You can use the following functionality to monitor the status of all services except cold storage and agent:
Viewing Victoria Metrics alerts
Users with the General administrator role can configure thresholds for KUMA services, and if a specified threshold is exceeded, the following changes take place:
Green means the service is running and accessible from the Core server.
Red means the service is not running or is not accessible from the Core server.
Yellow is the status that applies to all services except the agent. The yellow status means that the service is running, but there are errors in the service log, or there are alerts for the service from Victoria Metrics. You can view the error message by hovering the mouse cursor over the status of the service in the Active services section.
Purple is the status that is applied to running services whose configuration file in the database has changed, but that have no other errors. If a service has an incorrect configuration file and has errors, for example, from Victoria Metrics, status of the service is yellow.
Gray means that if a deleted tenant had a running service that is still running, that service is displayed with a gray status on the Active services page. Services with the gray status are kept when you delete the tenant to let you copy the ID and remove services on your servers. Only the General administrator can delete services with the gray status. When a tenant is deleted, the services of that tenant are assigned to the Main tenant.
The following examples show how to monitor service status.
If the collector service has a yellow status in the Active services section and you see the Enrichment errors increasing message, you can:
Go to Metrics → <service type> → <service name> → Enrichment → Errors section of KUMA for the service with the yellow status, find out which enrichment is causing errors, and view the chart to find out when the problem started and how it evolved.
The likely cause of the enrichment errors may be DNS server unavailability or CyberTrace enrichment errors, therefore you can check your DNS or CyberTrace connection settings.
If the collector service has a yellow status in the Active services section and you see the Output Event Loss increasing message, you can:
Go to the Metrics → <service type> → <service name> → IO → Output Event Loss section of KUMA for the service with the yellow status and view the chart to find out when the problem started and how it evolved.
The likely cause of the enrichment errors may be a buffer overflow or unavailability of destination, therefore you can check the availability and the connection of the destination or find out why the buffer capacity is exceeded.
Configuring service monitoring
To configure the services:
In the KUMA web console, go to the Settings → Service monitoring section.
KUMA monitors the status of services in accordance with the specified parameters.
In the Active services section, you can filter services by statuses or enter a word from the error text, for example, "QPS" or "buffer", in the search field and press ENTER. This results in a list of services with errors.
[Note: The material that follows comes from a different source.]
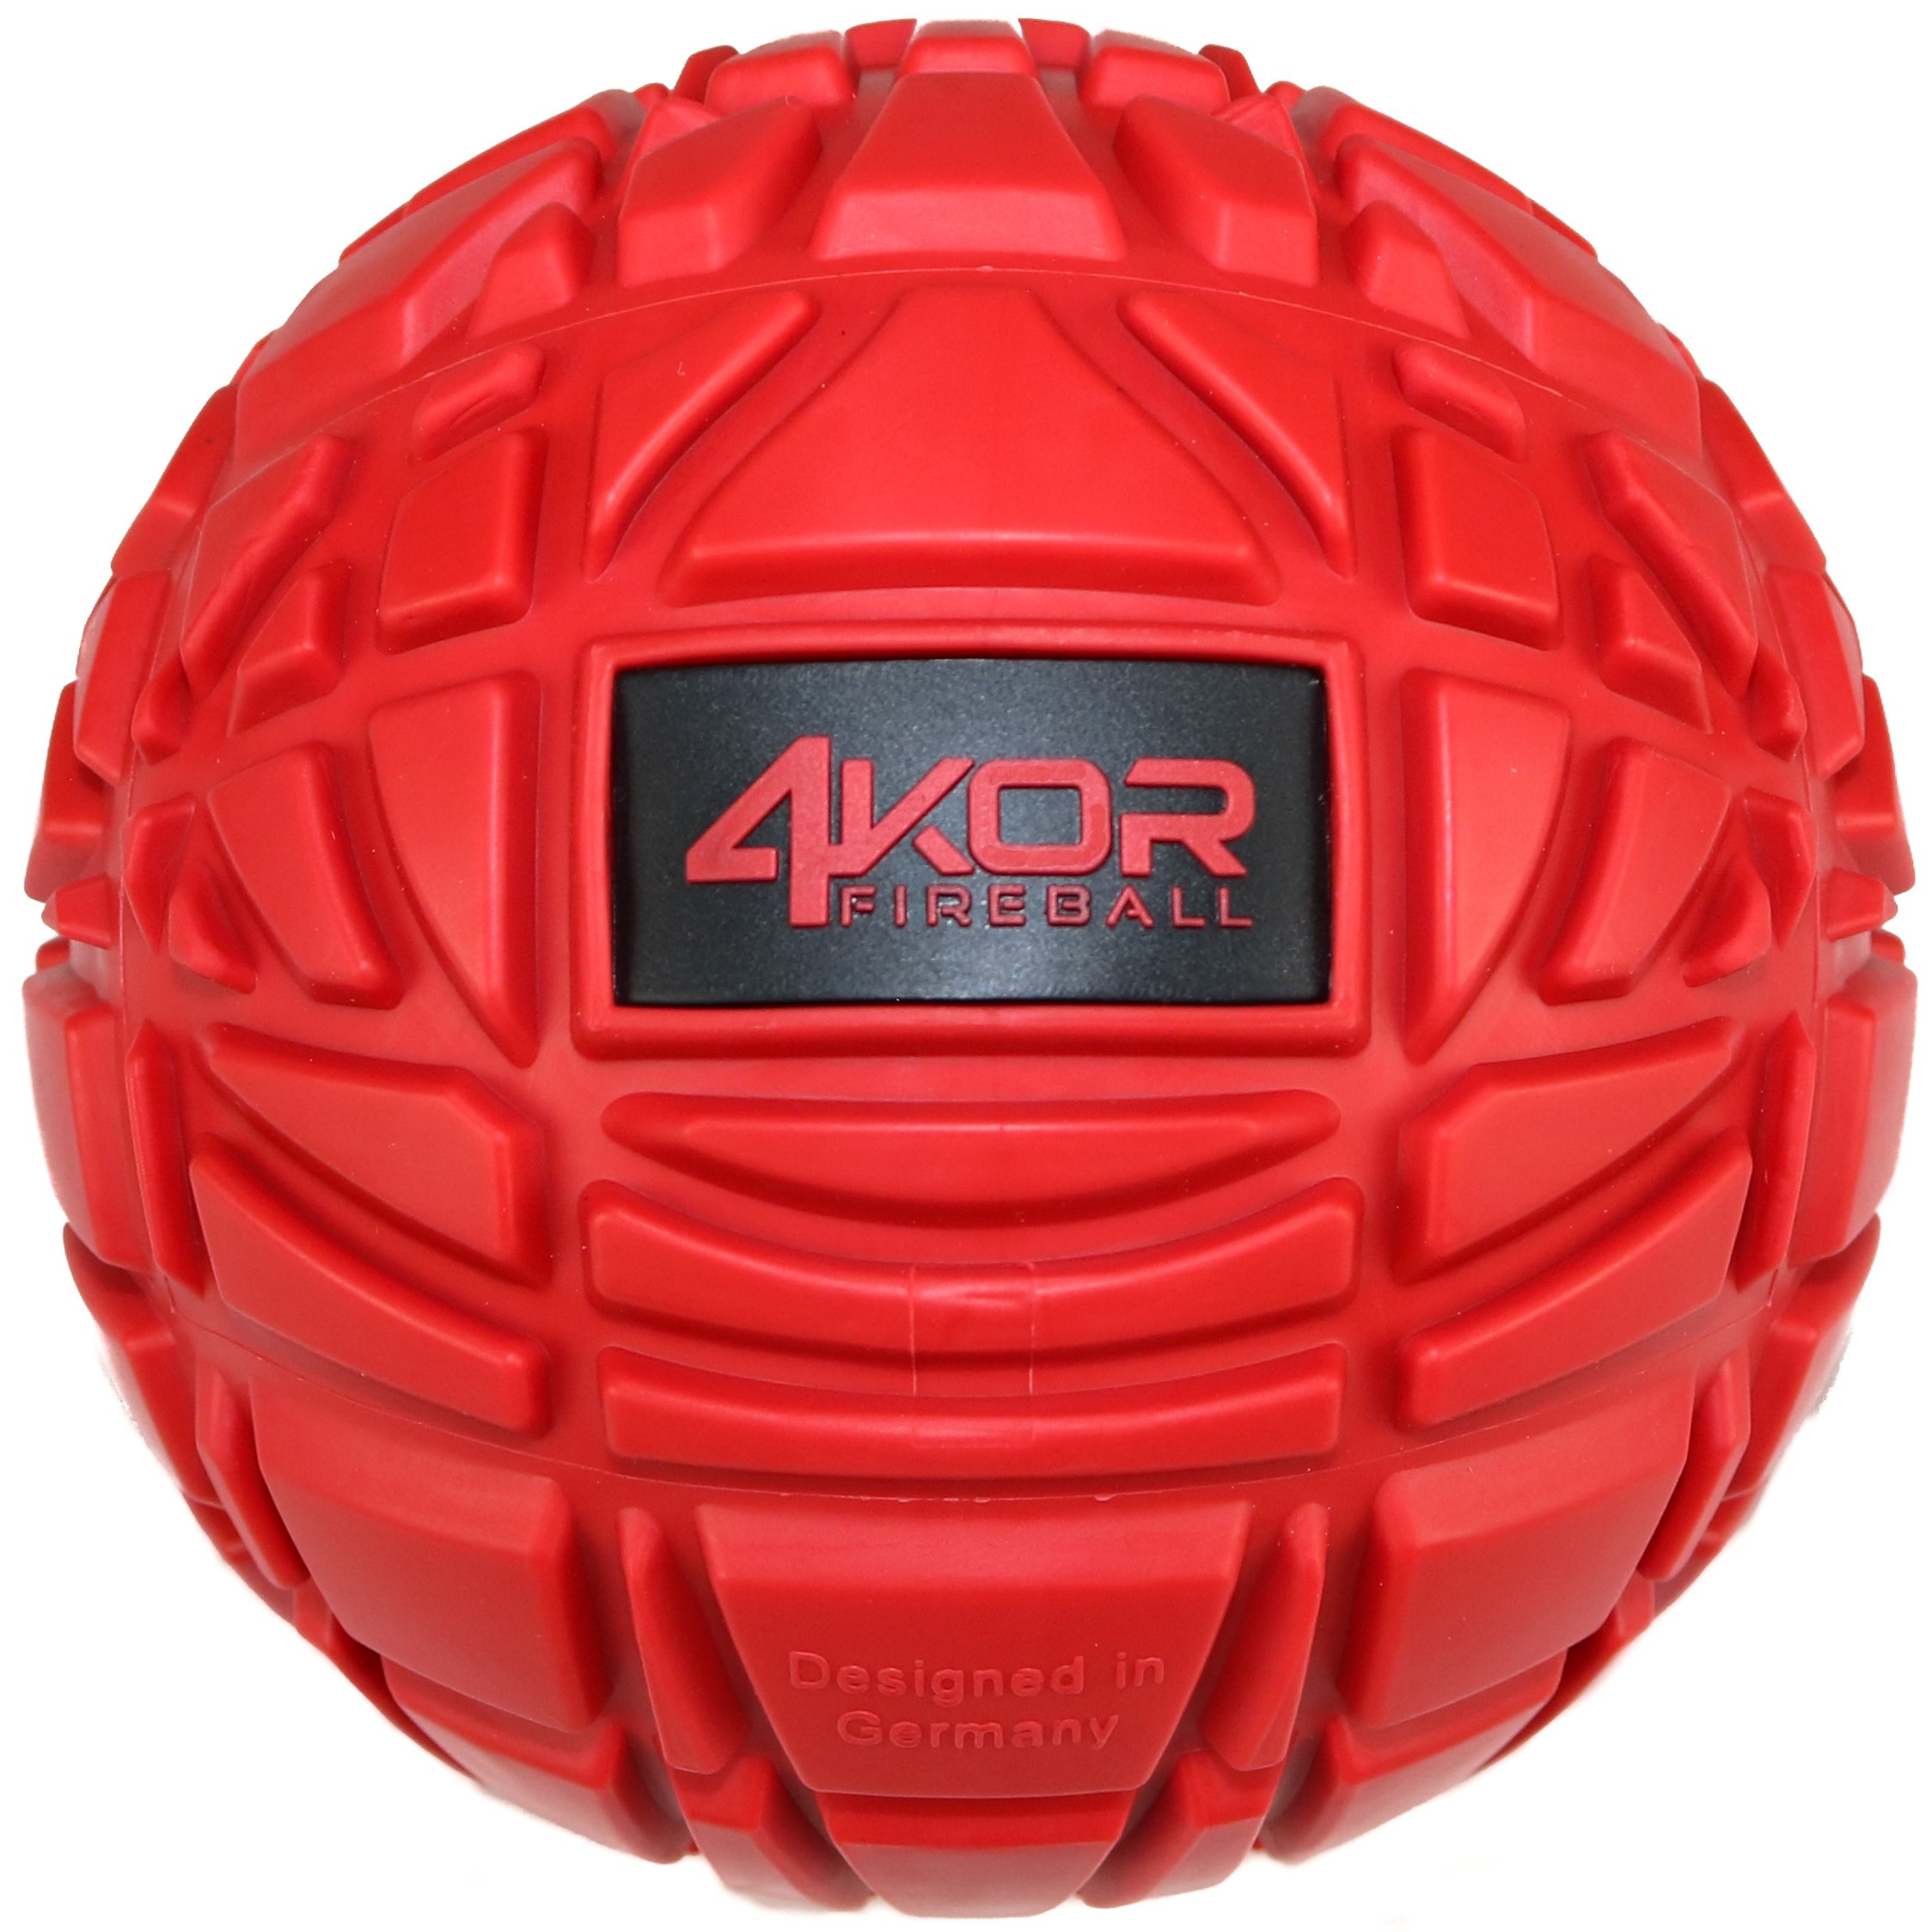 4.75'' 4KOR Fireball Deep Tissue Recovery Ball by 4KOR Fitness
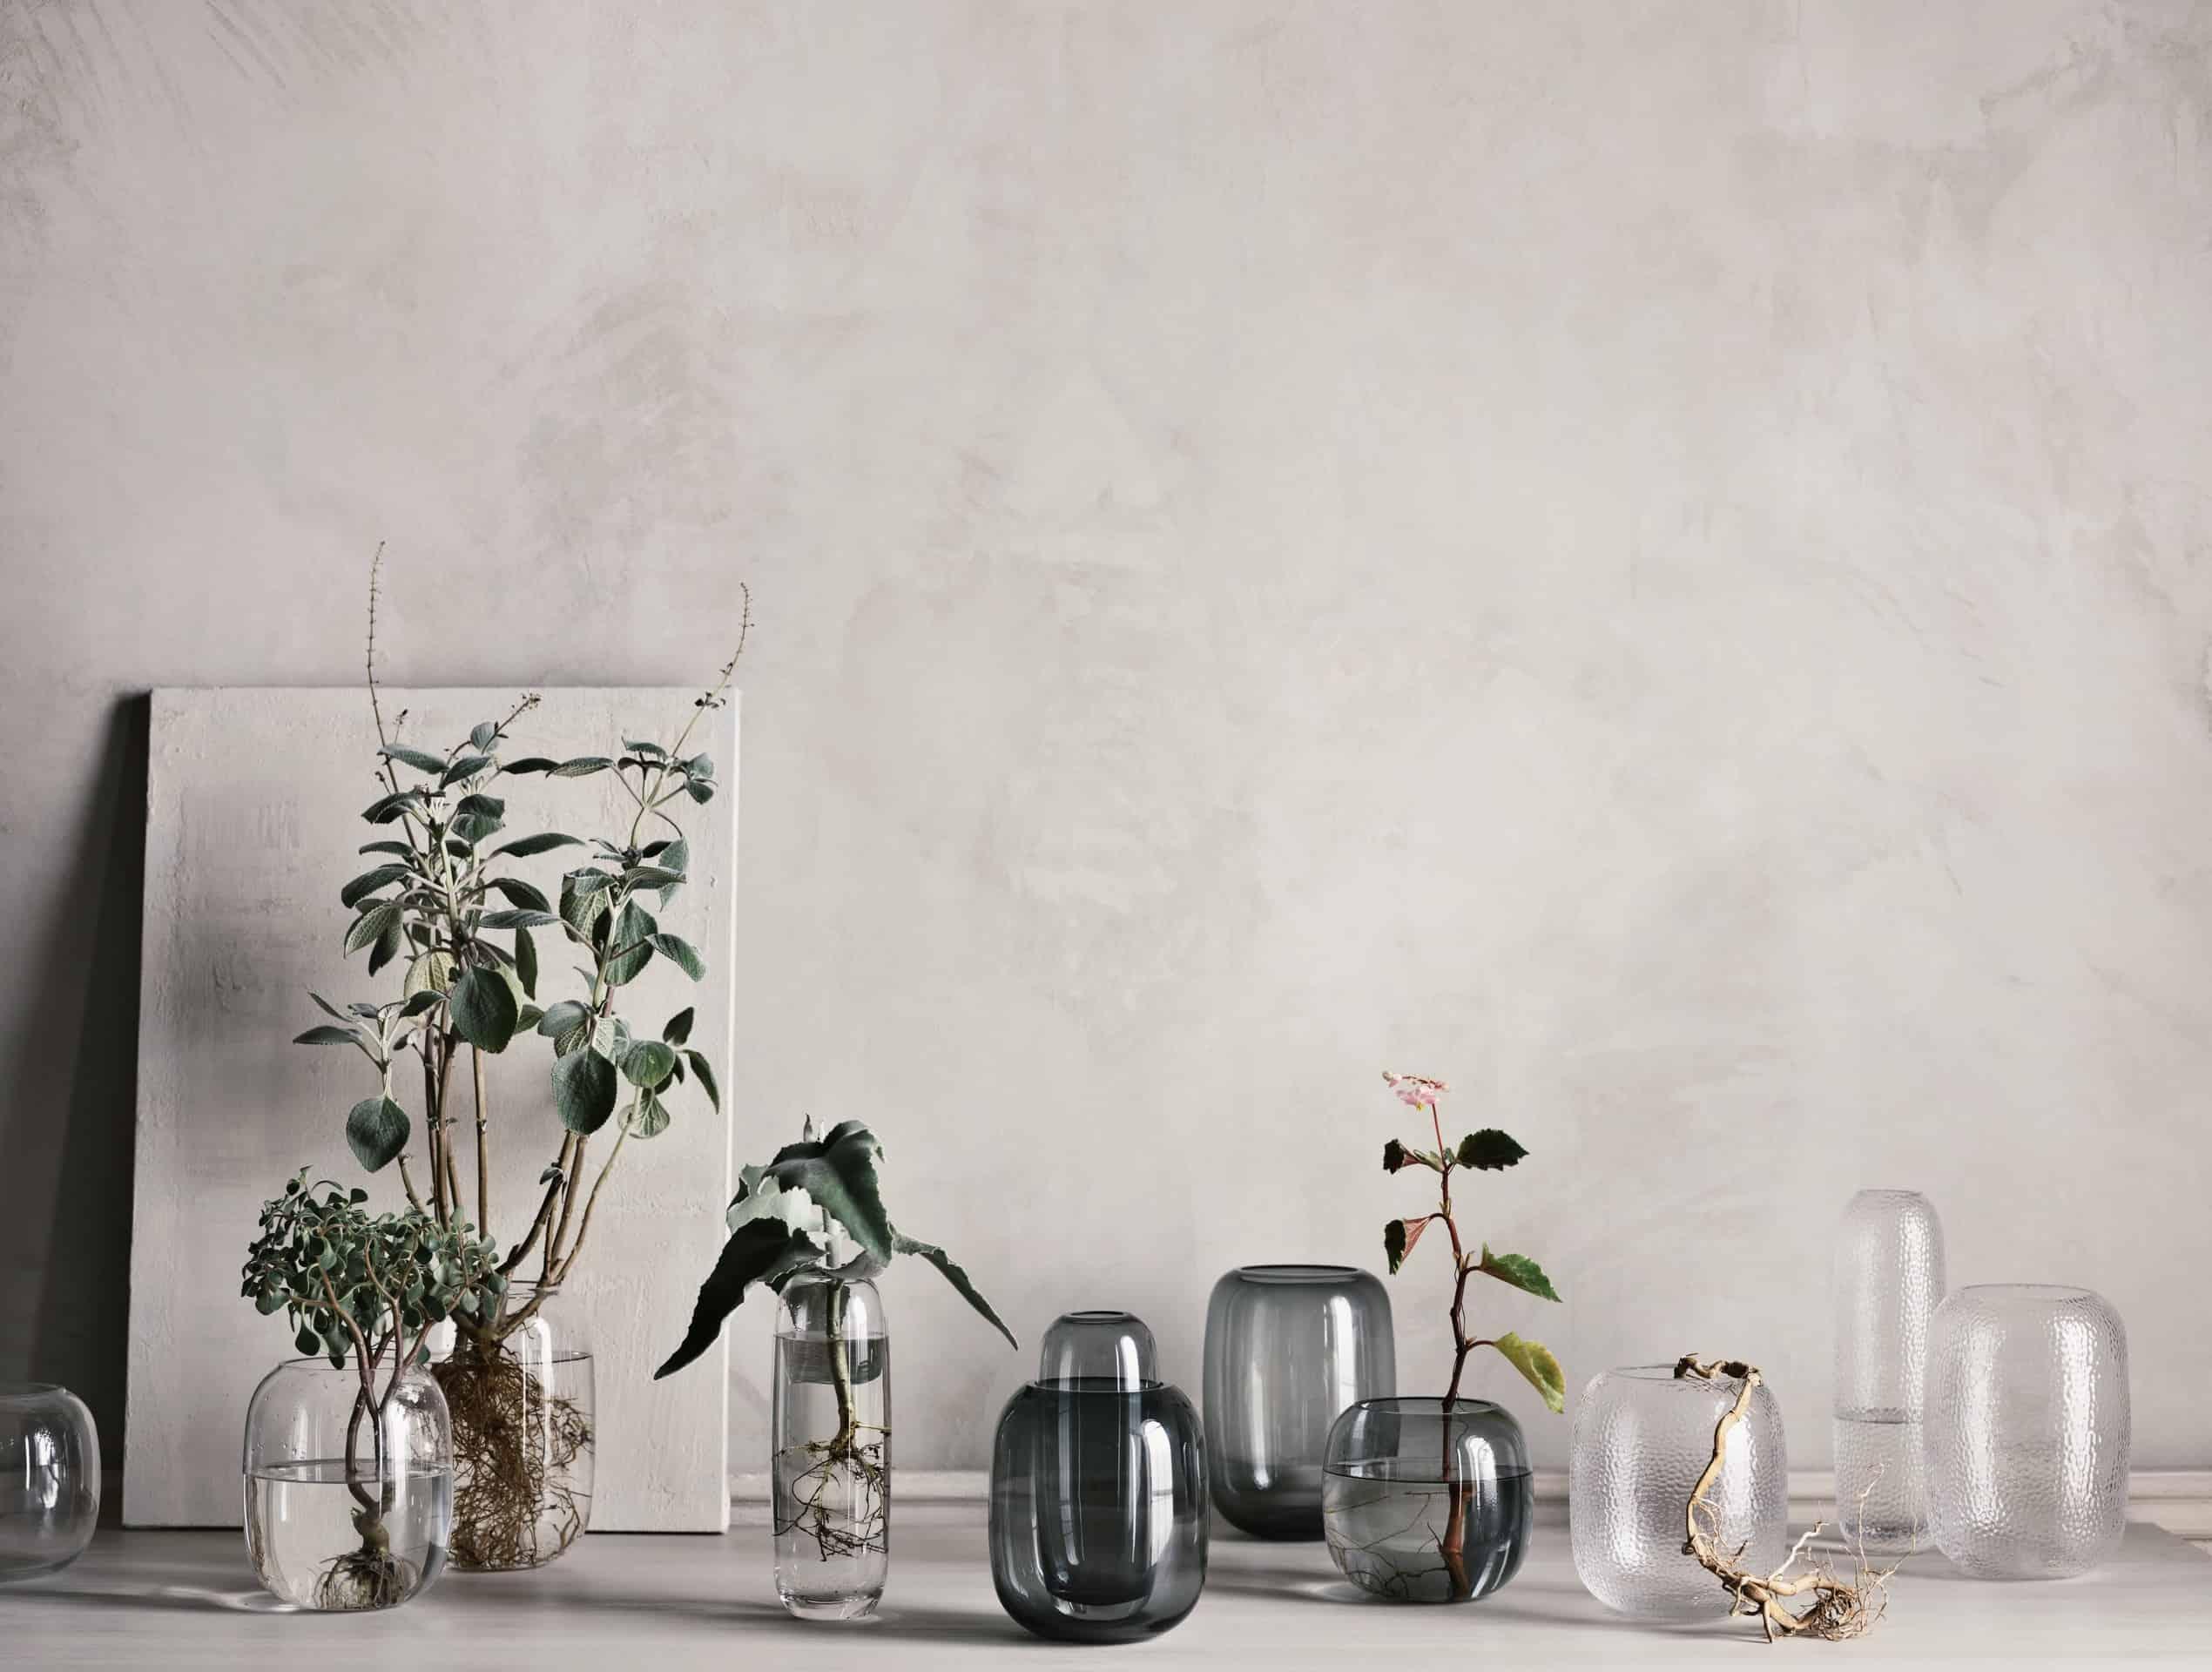 Una vases

Special characters ", },{, are not allowed in the search string and will produce irrelevant results.
Disabling service monitoring
To disable service monitoring:
In the KUMA web console, go to the Settings → Service monitoring section.
If you want to disable service monitoring only for collectors, in the Service monitoring. Thresholds setting window, under Collectors, select the Disable connector errors check box.
This disables only the analysis of the Connector errors metric for collectors.
If you want to disable monitoring for all services, in the Service monitoring. Thresholds setting window, select the Disable check box.
KUMA service monitoring is disabled, and services do not get the yellow status.